Brain trauma can initiate over-excitation of neurons with onset of early seizures or creation of permanent seizure foci in some patients, especially those with depressed skull fracture, cortical contusion or intra-cranial bleeding in the form of an epidural hematoma, subdural hematoma or intracerebral hematoma. Physicians want to avoid early seizures because they raise blood pressure, lower oxygen delivery or release a toxic excess of neurotransmitters. They also want to prevent delayed onset of a chronic seizure disorder. However, administration of anti-convulsants in the hospital carries certain risks. Thus doctors will use them preventively only in patients viewed at high risk of having a seizure, and they will discontinue the anti-convulsants at the earliest possible time. Use of Dilantin in such patients has a high rate of success in preventing seizures from occurring after they leave the hospital. The old practice of giving prophylatic Dilantin to every patient who sustained a head injury has been phased out.
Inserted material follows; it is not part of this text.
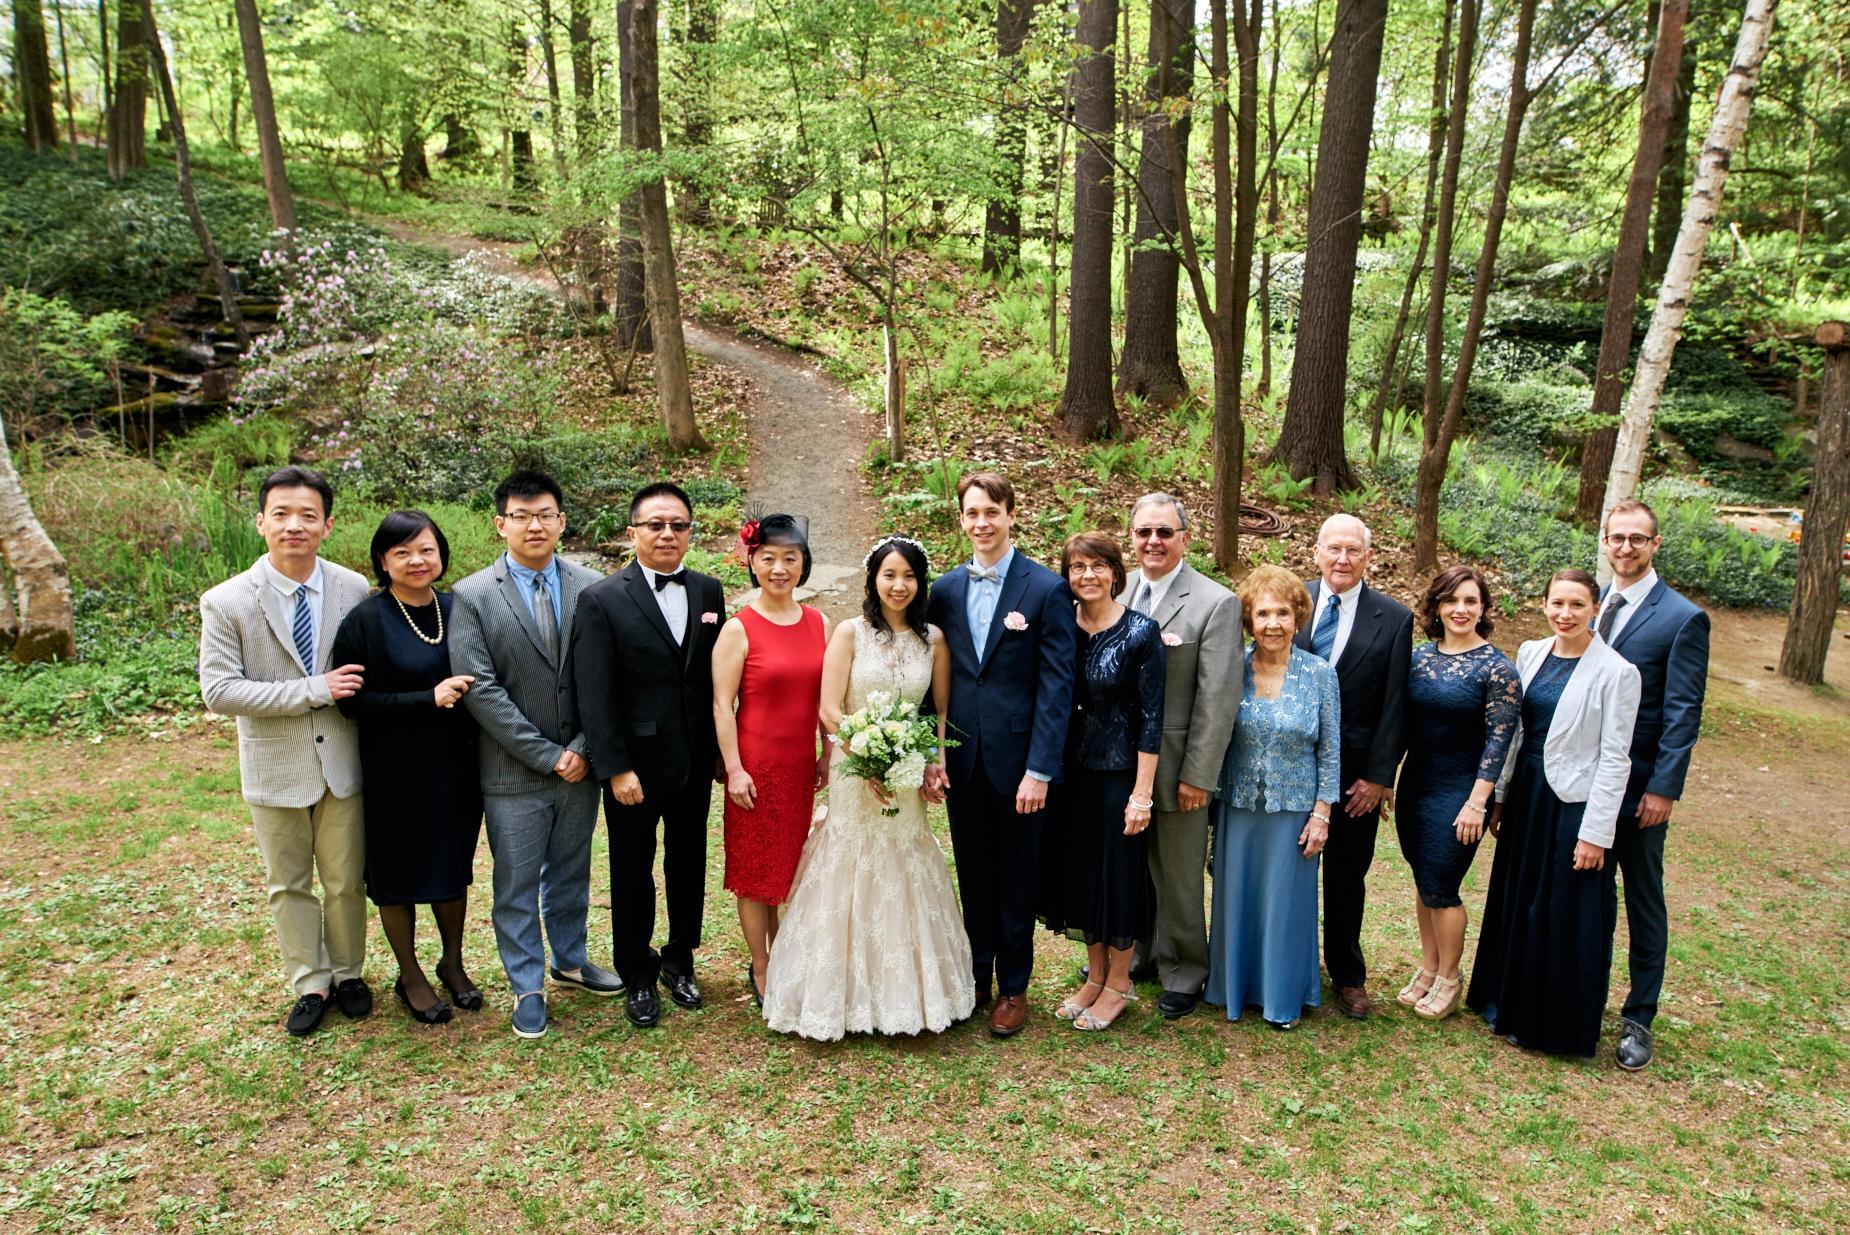 Angela and Josh's wedding at Nathan's Garden in Hanover, NH

Another complication of severe TBI is the excito-toxic response, in which hugely excessive quantities of glutamate (an excitatory neurotransmitter which plays a role in stroke and seizure) are released into the brain. In studies on rats, researchers have been relatively successful in finding neuro-protective drugs, which spare the rat brains from excito-toxic damage. So far experimental administration of the same agents on humans has not worked. Research continues.

A new agent called Dexanabinol made by the Pharmos Corporation appears to reduce intra-cranial pressure, suppress inflammation and protect brain cells from excito-toxic damage by blocking massive influx of calcium ions across cell membranes. As of Spring 2001 Dexanabinol had passed the FDA's phase I and II clinical trials. Phase III trials for safety and efficacy are beginning this summer. Dr. Lawrence Marshall at UC San Diego Medical Center says Exanabinol holds real promise for being the first ever drug approved by the FDA to reduce damage following a severe TBI.